Weszła na piętro do swojego pokoju i otworzyła szafę i z dolnej szuflady wyciągnęła swoją podróżną torbę.
- Nik wie? - usłyszała w progu swojej sypialni głos przyszywanej siostry. Anette odwróciła się i krótko zaprzeczyła. Rebekah podeszła do łóżka brunetki i usiadła na nim, patrząc jak pakuje swoje rzeczy. - Będzie wściekły. - odezwała się po chwili zatrzymując wzrok na hybrydzie. Anette westchnęła.
- Dlatego robię to teraz, gdy go nie ma. Odsłuchałaś moje wiadomości? - zapytała ponownie podchodząc do szafy.
- Tak, teraz ja przyjrzę się pani burmistrz i z nią pogadam. Tym bardziej, że opuszczasz nas jak Elijah i Kol. Tylko, że ich wyjazd tylko wzdrygnął Nikiem, natomiast Twój wyjazd go rozjuszy. - patrzyła uważnie na twarz Anette. W końcu Pierwotna usiadła na łóżku, tuż obok blondynki.
- Nie chcę tego robić, ale muszę jakiś czas pobyć sama ze sobą. Zbyt dużo się ostatnio działo, poza tym Niklaus nie zostanie sam, ma Ciebie. - powiedziała tonem, którym najpewniej chciała sama siebie usprawiedliwić. - Daj mu to rano. - dodała poważnym głosem podsuwając Rebece kopertę z napisanym imieniem jej brata. - Musi to dostać, kiedy ja będę parę miast dalej.
- Mam udawać, że nie przyłapałam Cię na pakowaniu i ucieczce?
- Jesteśmy przyjaciółkami, poza tym, to wyjdzie nam wszystkim na zdrowie. - uśmiechnęła się blado.
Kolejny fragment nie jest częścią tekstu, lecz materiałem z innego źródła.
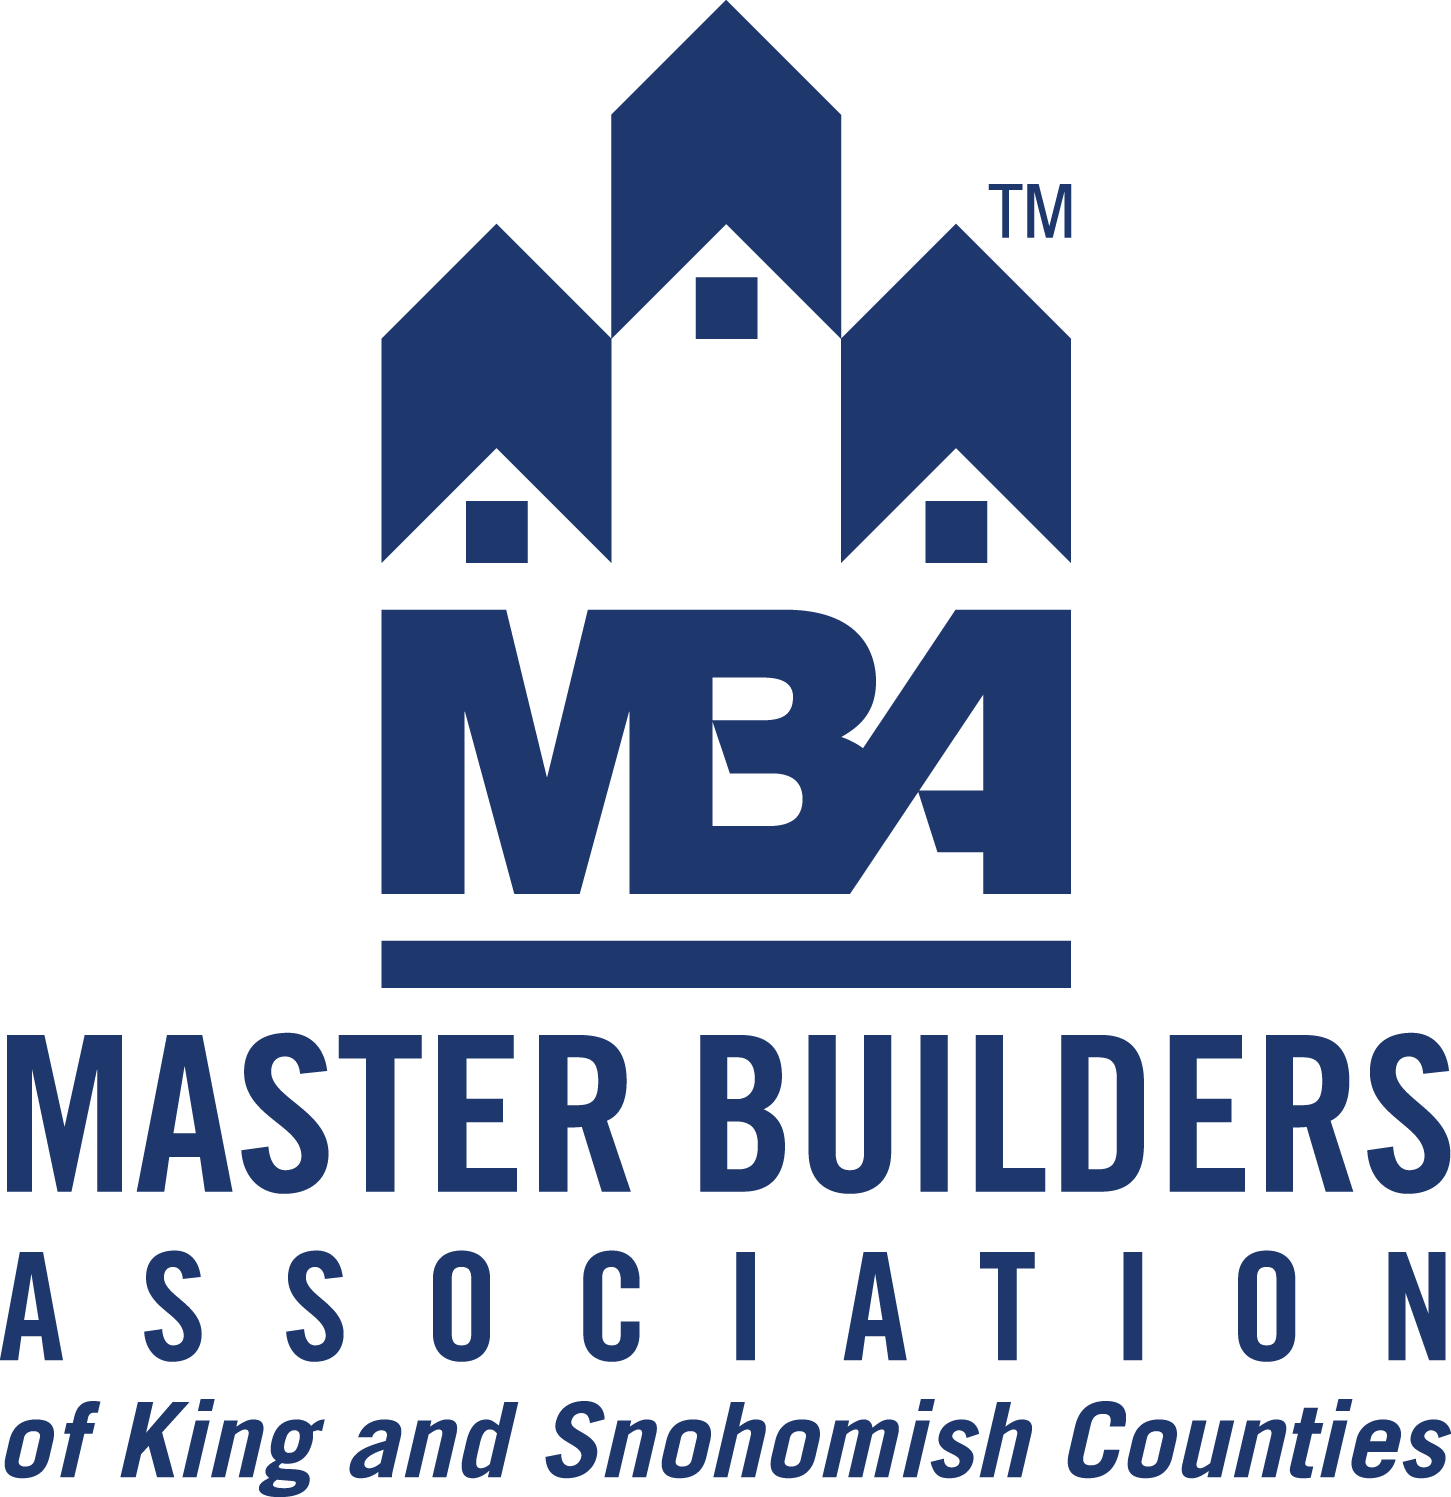 Read more articles from Master Builders Association

Kilka godzin później dojeżdżała do kolejnego stanu w USA. Świtało. Zrezygnowała z odbierania telefonów, mimo że nieustannie ktoś próbował się z nią połączyć. Klaus zadzwonił najwięcej razy, ale nagrał tylko jedna wiadomość, w której nawet nie oczekuje wyjaśnień, tylko tego, by jak najszybciej znalazła się z powrotem w ich domu, grożąc nawet uśmierceniem jej za zlekceważenie mantry „zawsze i na zawsze”. Gdy znalazła niewielki hotelik zatrzymała się tam by wziąć prysznic. Wychodząc z wody odsłuchała wiadomości od Rebeki na temat ich poszukiwań białego dębu, nie oddzwaniała. Napisała tylko SMS, że jest w okolicy trzech stanów od Wirginii, tak że jeśli coś by się działo zjawi się tam w ciągu 8. godzin.

***2 tygodnie później***

Odwiedziła kilka kolejnych stanów, bawiła się sama siedząc przy barach pubów znajdujących się na głównych ulicach, gdzie wiedziała, że napotka rozwrzeszczane nastolatki i chłopaków uważających się za ósmy cud świata. Na takich polowała. Krew piła również z takich, którzy krzywdzili innych w ukryty, psychiczny sposób, który zostawał zauważony, jeśli miało się dobrze rozwinięty zmysł obserwatora.
Informacje z Mystic Falls ją trochę uspokoiły, Rebekah napisała, że most Wickery  wybudowany z drzewa białego dębu został przez nią spalony. Pojawiła się również Sage, w poszukiwaniu Finna. Była niezmiernie w szoku, że taka kobieta jak ona, pokochała takiego idealistę jak najstarszy Mikealson. Rebekah nie pałała do niej sympatią, wręcz przeciwnie, uważała ją za dziwkę i materialistkę, która dlatego przystawiała się do Finna, by stać się tak silna jak oni. Mimo tego, że Anette nie miała do niej żadnych zastrzeżeń, wręcz lubiła jej towarzystwo, bo nie dość, że miała klasyczną urodę kobiety przed trzydziestką, zdawała się brać z życia pełnymi garściami. Wszystko zmienił dzień, kiedy Anette zasztyletowała jej ukochanego. I w końcu Klaus, z tego co wiedziała od Rebeki, nie zważając na jej list, a także na zdanie siostry, zaczął jej szukać. Rebekah zadzwoniła do niej dzisiaj rano, by powiadomić ją, że mają Finna i wzięli go do Mystic Falls. Teraz są na jej tropie. Chcą zniszczyć czar Esther, który połączył ich w jedno. Ją też, dziwne, bo mimo wszystko nie jest z nimi spokrewniona, ale jednak wystarczyło, że w wampirzą jedność połączyła ich krew sobowtóra. Miała ochotę wrócić i pomóc im, zresztą, jeśli ona nie przyjedzie, Klaus będzie jej szukał, a gdy w końcu ją znajdzie, jego miłość do niej ustąpi złości, a wtedy dojdzie do niemałej jatki.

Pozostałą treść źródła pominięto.